Simple strategies versus optimal schedules in multi-agent patrolling

Suppose that we want to patrol a fence (line segment) using k mobile agents with given speeds v₁,..., v_k so that every point on the fence is visited by an agent at least once in every unit time period. A simple strategy where the ith agent moves back and forth in a segment of length v_i/2 patrols the length (v₁ +· · ·+v_k)/2, but it has been shown recently that this is not always optimal. Thus a natural question is to determine the smallest c such that a fence of length c(v₁ + · · · + v_k)/2 cannot be patrolled. We give an example showing c ≥ 4/3 (and conjecture that this is the best possible). We also consider a variant of this problem where we want to patrol a circle and the agents can move only clockwise.

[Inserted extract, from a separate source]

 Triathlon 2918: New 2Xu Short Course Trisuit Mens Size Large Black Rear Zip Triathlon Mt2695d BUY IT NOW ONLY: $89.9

We can patrol a circle of perimeter rv_r by a simple strategy where the r fastest agents move at the same speed, but it has been shown recently that this is not always optimal. We conjecture that this is not even a constant-approximation strategy. To tackle this conjecture, we relate it to what we call constant gap families. Using this relation, we give another example where the simple strategy is not optimal. We propose another variant where we want to patrol a single point under the constraint that for each i = 1,..., k, the time between two consecutive visits of agent i should be a_i or longer. This problem can be reduced to the discretized version where the ai are integers and the goal is to visit the point at every integer time. It is easy to see that this discretized patrolling is impossible if 1/a₁+· · ·+1/a_k < 1, and that there is a simple strategy if 1/a₁+· · ·+1/a_k ≥ 2. Thus we are interested in the smallest c such that patrolling is always possible if 1/a₁ + · · · + 1/a_k ≥ c. We prove that α ≤ c < 1.546, where α = 1.264... (we conjecture that c = α). We also discuss the computational complexity of related problems.